Casey plans to host a global accountability event for disability in Tokyo on December 3, 2025, the International Day of People with Disabilities, so businesses have time to get their data and policies in order.
Currently, 22pc of the companies in the group are reporting on disability inclusion but it is not standardised.
Casey aims to change this with five key performance indicators that will include workforce representation, information around disability inclusion training, employee resource groups and digital accessibility.
“A third of Ftse 100 companies do not have accessible websites,” Casey says. “I mean, come on.”
The process will include analysis of members’ goals around disability inclusion and how leaders are measured against those goals.
“We hold them to account and if a company is not doing what they say they do, we very quietly ask them to leave,” Casey tells me.
For businesses themselves auditing their approach to disability and inclusion needs to go beyond their own corporate walls, Casey says.
“If they are using an external body, like a recruitment agency, the agency would want to be trained around how to handle this as well,” she points out.
Even before a candidate has been hired, all businesses need to check in with potential interviewees to ascertain whether any particular accommodations need to be made for them.
“Everybody needed accommodations over the pandemic over Zoom,” she says.
There’s always another reason, there’s always another excuse
“It’s best practice. A recruiter can’t say ‘what age are you and do you have a disability’, but they can ask for any accommodations.”
Casey spurns any talk of what some companies have perceived to be more pressing needs in any discussions she has had.

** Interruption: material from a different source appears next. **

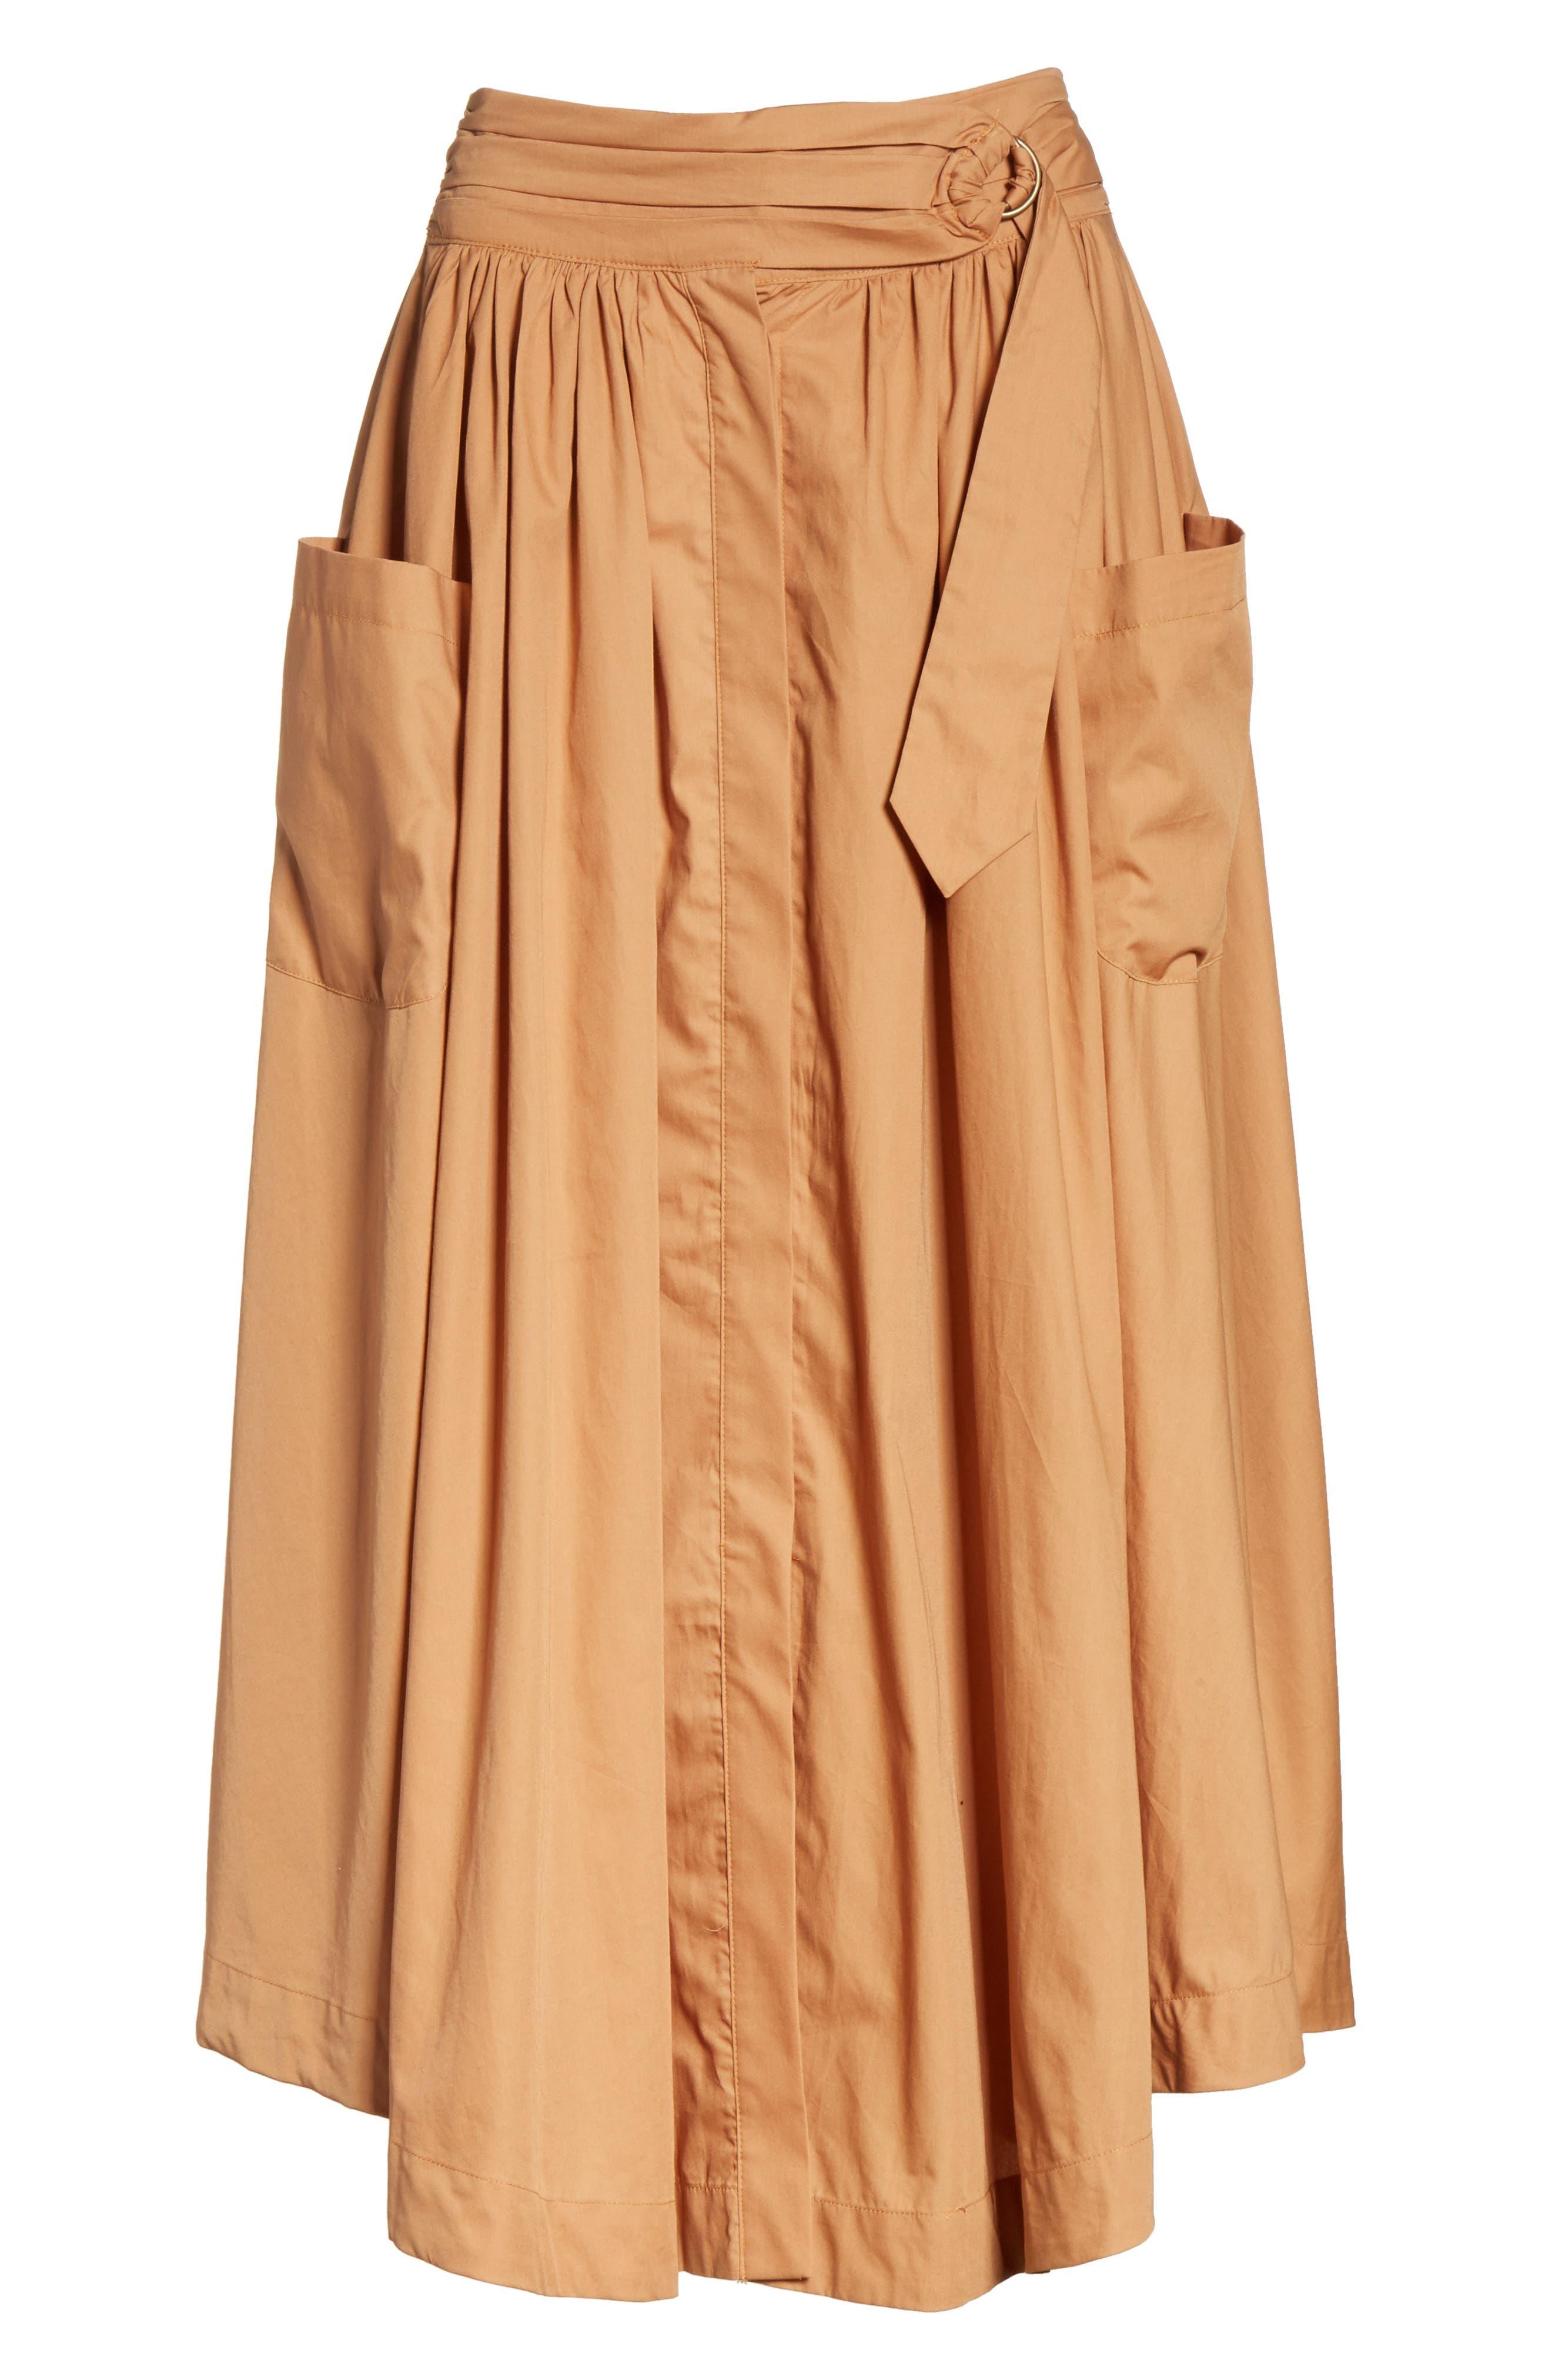 Dream of Me Midi Skirt,                             Alternate thumbnail 6, color,                             230

“There’s always another reason, there’s always another excuse, they are overwhelmed and there are priorities, interest rates and inflation,” she says.
“You are absolutely delusional to believe you can speak with authenticity on inclusion if you are going to do an a-la-carte, half-in half-out, pick and mix approach like [disability] inclusion today, gender tomorrow,” she adds.
One crisis for businesses globally – the pandemic – proved to be “the greatest opportunity” for Casey’s work.
“I was able to come back to [CEOs] and say ‘you said you couldn’t change’ – well, you could. In 17 days, the business system did the impossible.
“Don’t ever underestimate an Irish woman with a mission,” she says, smiling.